Update (20/02/20)

The NativeContainerIsAtomicWriteOnly attribute is required for use in IJobParallelFor, but it also means the container is marked as write only! If you use it in a IJobParallelFor and attempt to read a value which is checked with AtomicSafetyHandle.CheckReadAndThrow(m_Safety);, then you’ll get the error When accessing: InvalidOperationException: The native container has been declared as [WriteOnly] in the job, but you are reading from it.

So two separate containers are required.

  • A write only container that uses the NativeContainerIsAtomicWriteOnly attribute.
  • A read and write container without this attribute for use in IJobs. You can optional mark this as read only with the [ReadOnly] attribute.

Note you can use a container that is not marked as atomic write only in an IJobParallelFor if the field in the job has a NativeDisableParallelForRestriction attribute.

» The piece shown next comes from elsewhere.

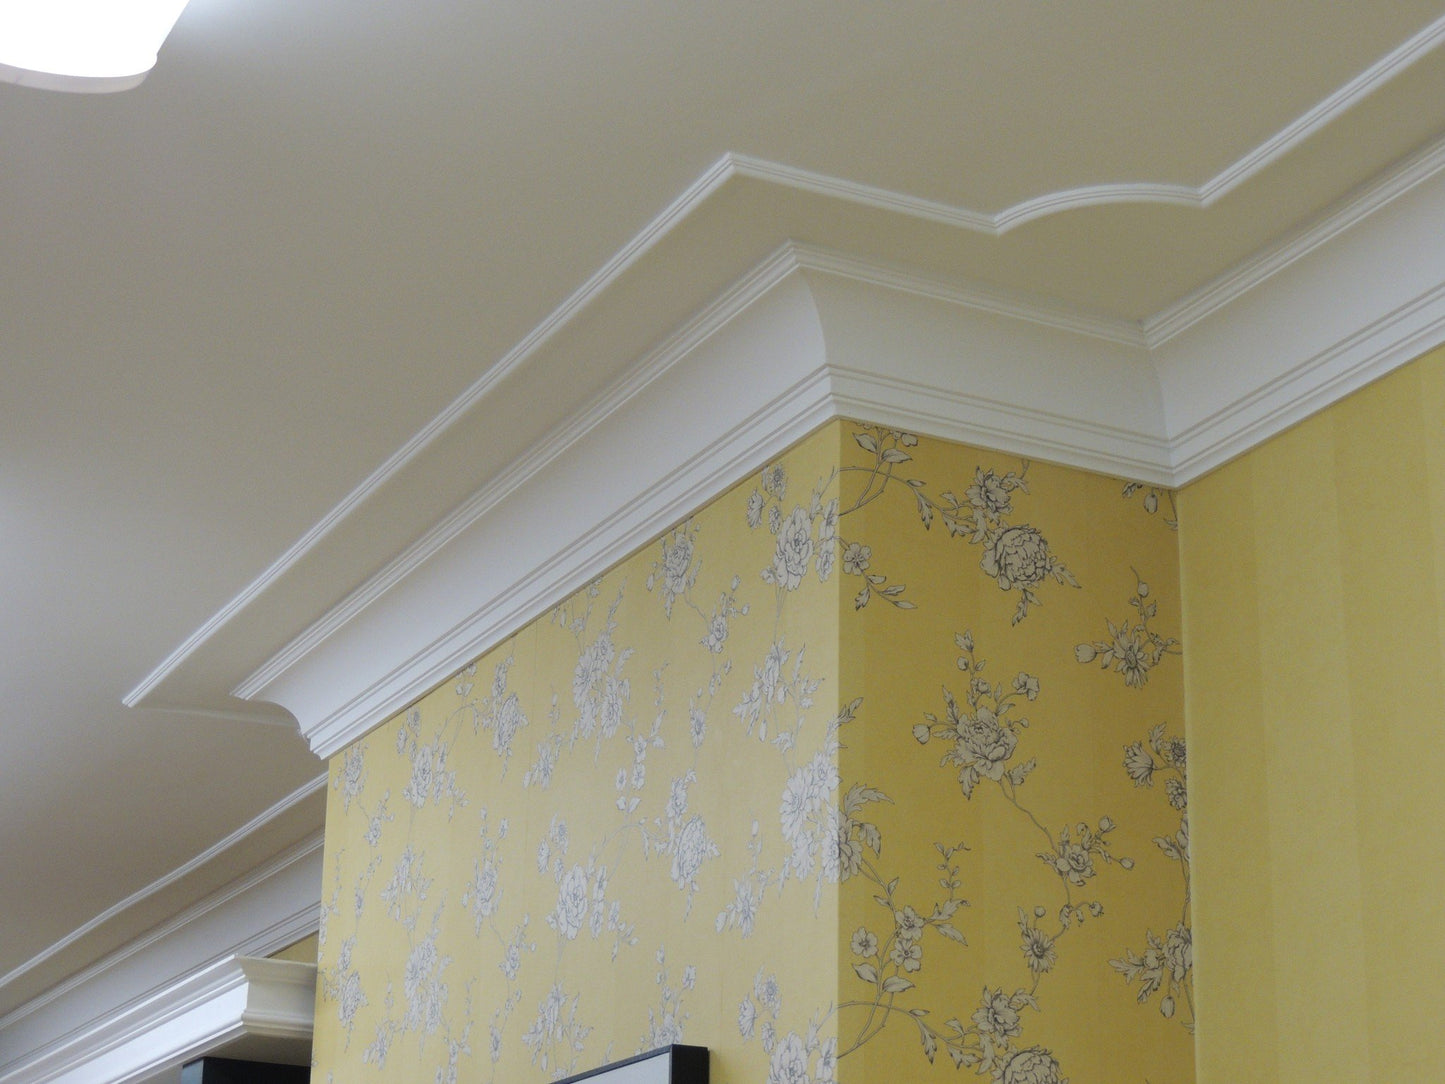 Tulip "Curved Corner" - Dado Rail installed in a room

This impossible without copying and pasting code. structs don’t have inheritance, you can’t use an interface in a job. You can’t use a third shared class for implementation with two light wrappers around it. The DisposeSentinel is not blittable and can’t be used in this class. So none of the safety checks can go in the third class. Which in this case is the majority of the code.

Passing Data to Jobs

Jobs in Unity must be structs and must only contain blittable types. This allows jobs to be copyable and for the job system to enforce thread safety. If I have a job with an int field, the value of the int is copied and I have no way to get the result of my fancy calculation I performed in the job.

So how to do NativeCollections get data in an out of jobs? Well the quick answer is that they hold a pointer to the data, instead of the data itself. So the pointer gets copied, rather then the data. The same data can still be accessed by all the copies of the job through the pointer.

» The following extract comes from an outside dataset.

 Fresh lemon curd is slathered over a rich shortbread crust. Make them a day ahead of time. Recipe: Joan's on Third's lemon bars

The current advice for passing simple ints into a job is to use a single element NativeArray.

There are a few downsides to this:

  • It’s awkward to use with subscript operator in and out of the job to get the value. It may not be clear to future coders what the intent is.
  • NativeArray doesn’t support parallel for jobs. Although you can use the Concurrent versions of NativeHashMap and other containers.

Thread Safety

We could write our own container that uses a similar approach, allocating an int pointer that is shared with all copies of the job.

In order to make the container thread safe we need to think about thread safety. Even simply adding a number isn’t thread safe. We need to:

  • Retrieve the number from memory and copy it to a CPU register
  • Execute the addition instruction
  • Move the result back to memory

Our thread could get stalled between the retrieve and store. The another thread updates the number and our copy is stale.

Usually we’d use the C# lock statement or a Mutex to ensure thread safety. But both of these require an object to lock on, we can’t use those in jobs.

But we can use interlocked methods to perform atomic operations like adding, incrementing and decrementing.

NativeInt

There are already a couple of implementations that use int pointers and interlocked functions.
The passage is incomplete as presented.